AIM OF THE TASK:
Would you reproduce the whole listing exactly, minus its images?

DATA:
=======
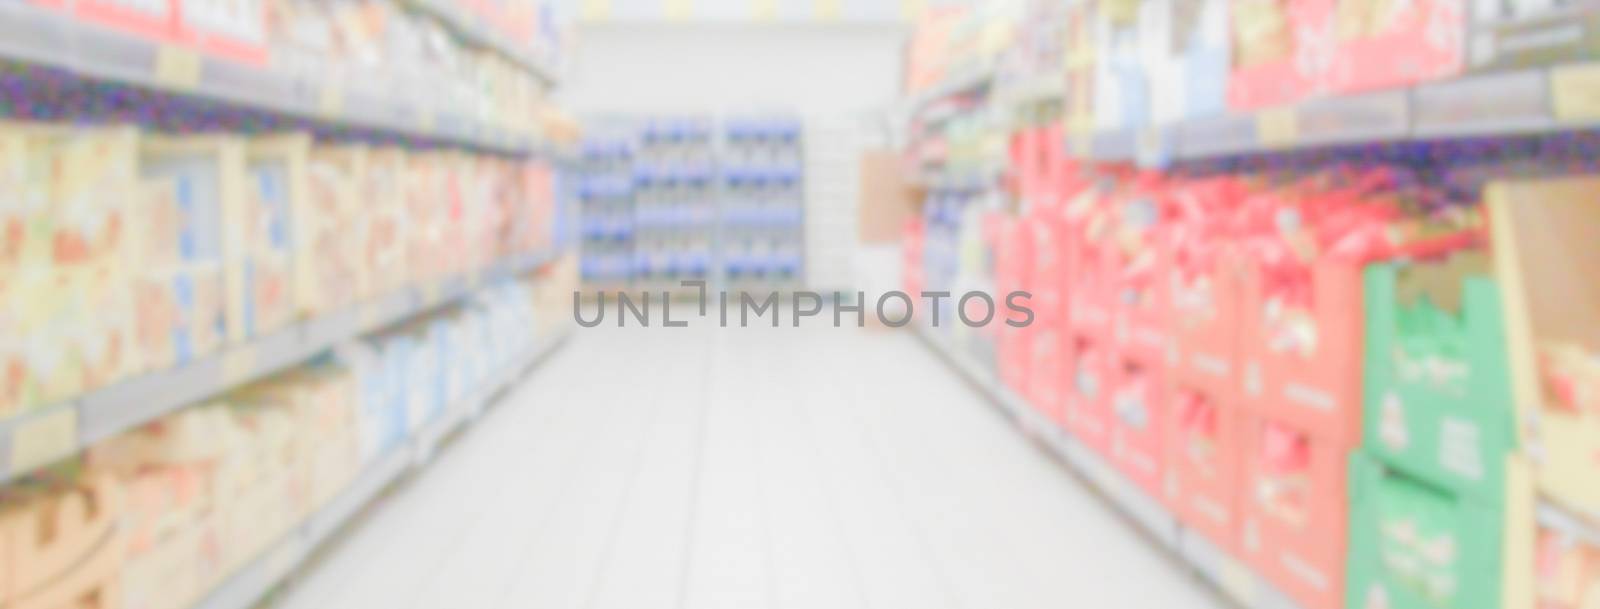 Defocused background with interiors of a supermarket or grocery  by marcorubino
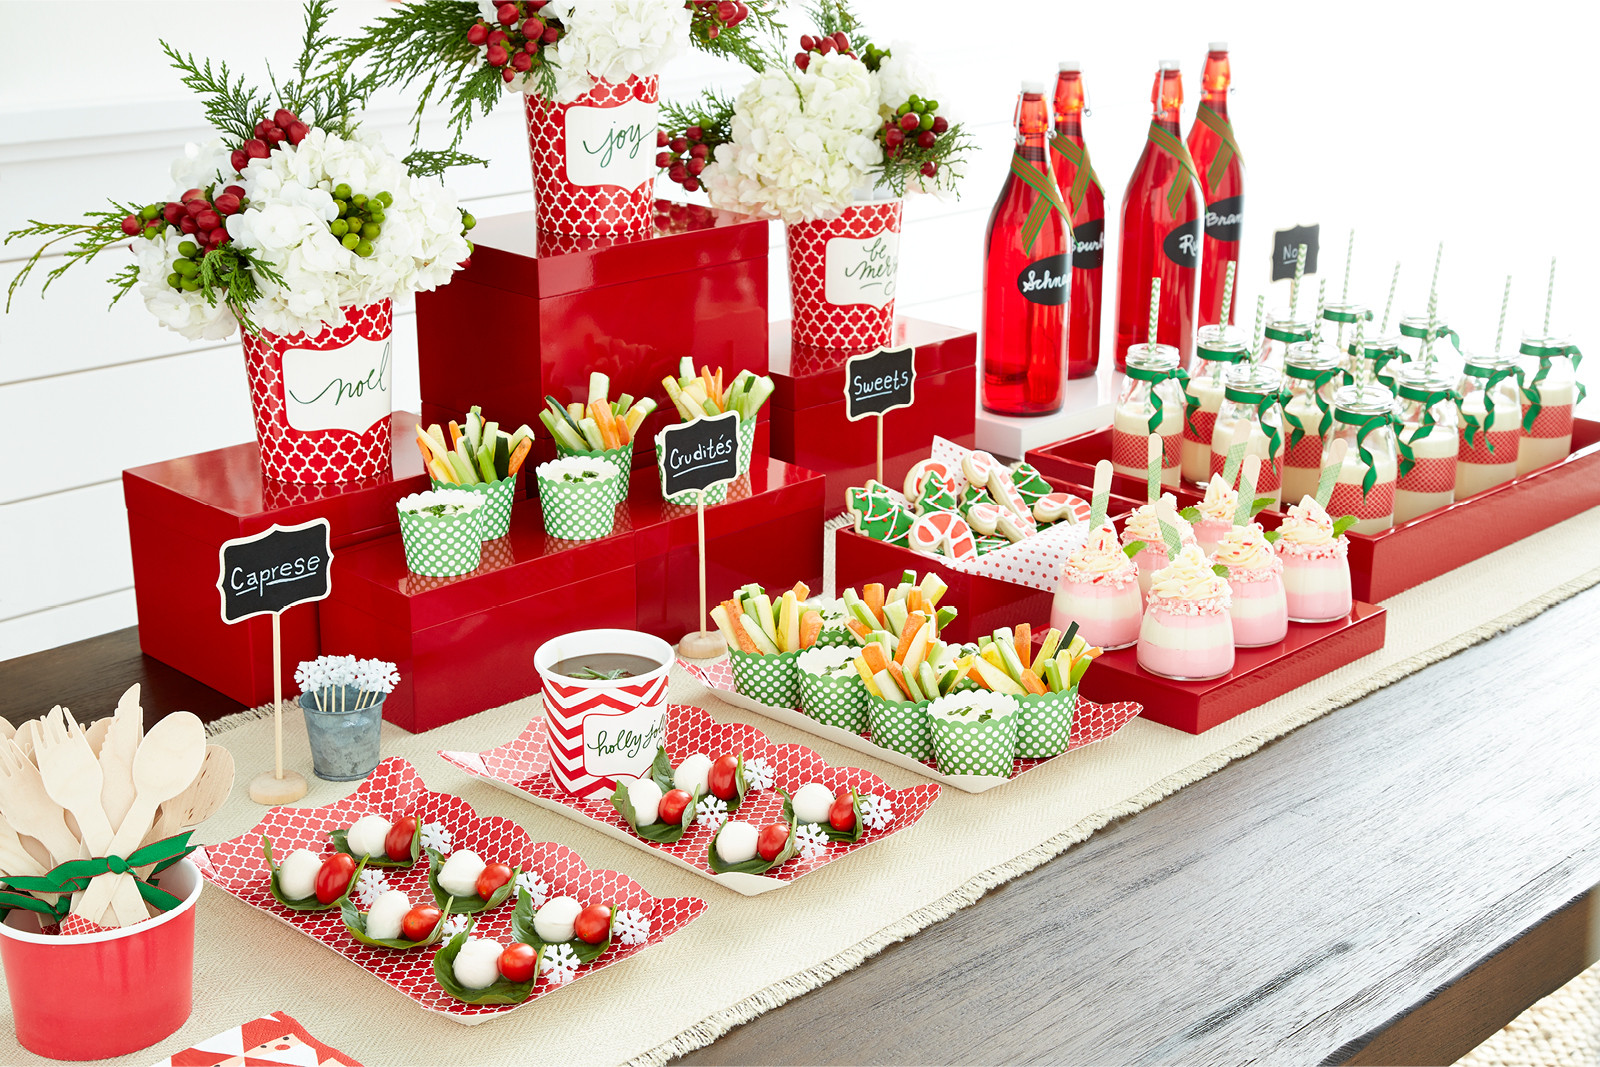 Pinterest Christmas Party Ideas
 A Very Merry Table of Treats
=======
RESULT FOR THIS EXERCISE:
 Defocused background with interiors of a supermarket or grocery  by marcorubino
 Pinterest Christmas Party Ideas
 A Very Merry Table of Treats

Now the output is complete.